I doubt it. Suede have gone to great lengths to eradicate all memory of their former guitarist. On Tuesday, you'd really have had to be paying attention to even notice Butler's contribution to Suede's oeuvre. Only five of the songs played were co-written by him. Which is another way of saying: that was the old Suede, this is the new one. Totally different. New songs, new faces and everything. Got it?

There are five members now. But on the latest album Coming Up, the music sounds less grand than it did on the epic Dog Man Star. And less ambitious. Suede don't sound like they could take on the world anymore. They don't sound like they want to. They've surgically removed the "m" from pomp. Which is a good thing. Sort of.

It's not as if there's a Jungle element to their music now - the new songs are archetypal Suede, from the lolling "Europe is Our Playground", on which Richard Oakes's woozy guitar sounded like it had just woken up, to "The Beautiful Ones", where it might have been partying until dawn. Then there was "Saturday Night", where it had clearly been in its bedroom learning the chords to Eric Clapton's "Wonderful Tonight", of all things.

The singer Brett Anderson still struts about in your dad's shirt and your kid brother's body. But he has a new coarseness. No longer the bisexual who's never had a homosexual experience, his brash swagger and matey asides hint at a labourer who's never had a bricklaying experience.
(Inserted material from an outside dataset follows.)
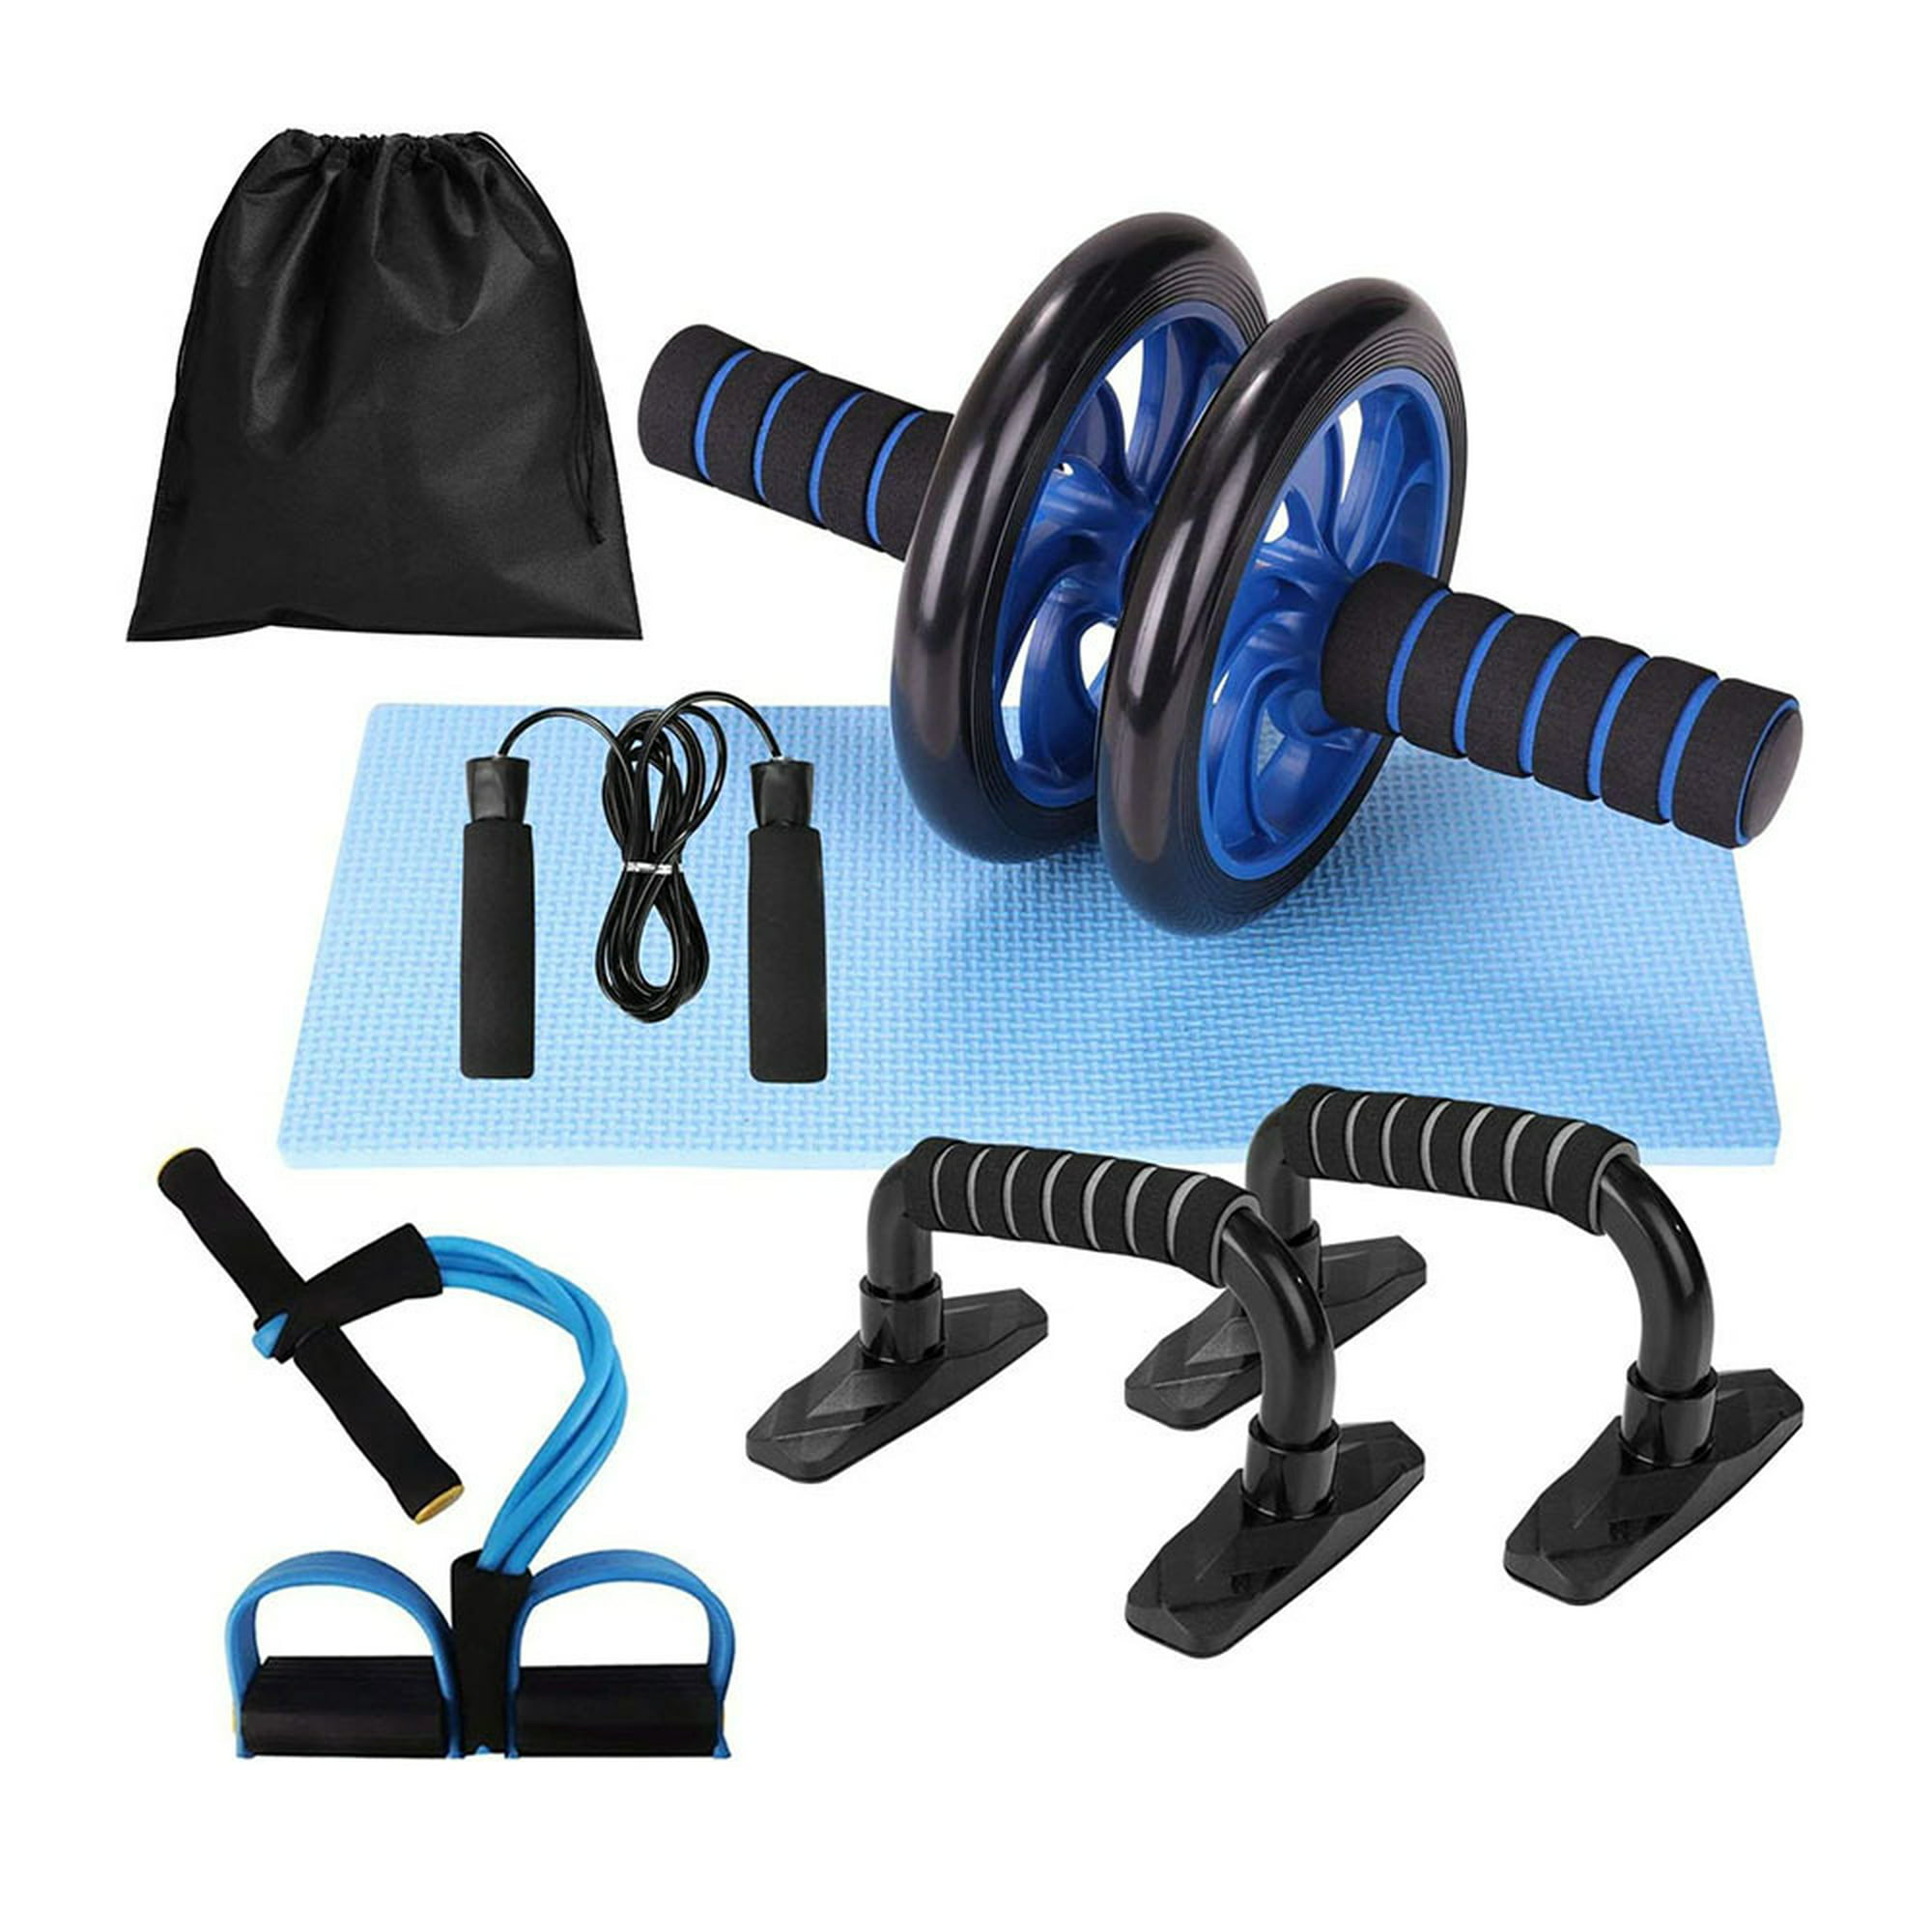  Gaiam Kit de gimnasio en casa para hombres y mujeres, incluye  rueda abdominal, cuerda para saltar, barras de flexión, banda de  resistencia con asas y guía de ejercicio de cortesía, para

Lyrically, he continues to commute between glum suburban hellholes and the cheap thrills sought to escape them, which is something like the quest that drives people to Suede in the first place, I suppose.

The libidinous thrust of the old Suede has all but gone, leaving celebrations of grubby adolescent sex like "Animal Nitrate" sounding almost anachronistic. But that's fine. Because right now, the band have all the adolescent sex appeal they need in the form of their newest member, 21-year-old Neil Codling. His unveiling at a secret gig earlier this year prompted several questions. Like: has he got any brothers? And has Brett finally chalked up that homosexual experience? But Neil isn't just there for our titillation. He does keyboards, backing vocals and professional arrogance. Thanks to him, and 19-year-old Oakes, "So Young" now sounds brazenly self-referential when played tonight. Youth isn't everything. But it may be part of the reason why Suede have put away adult things and are, musically speaking, pulling on their short trousers and polishing up their slingshots. They're back, brighter, if not bigger, than ever. Lock up your sons.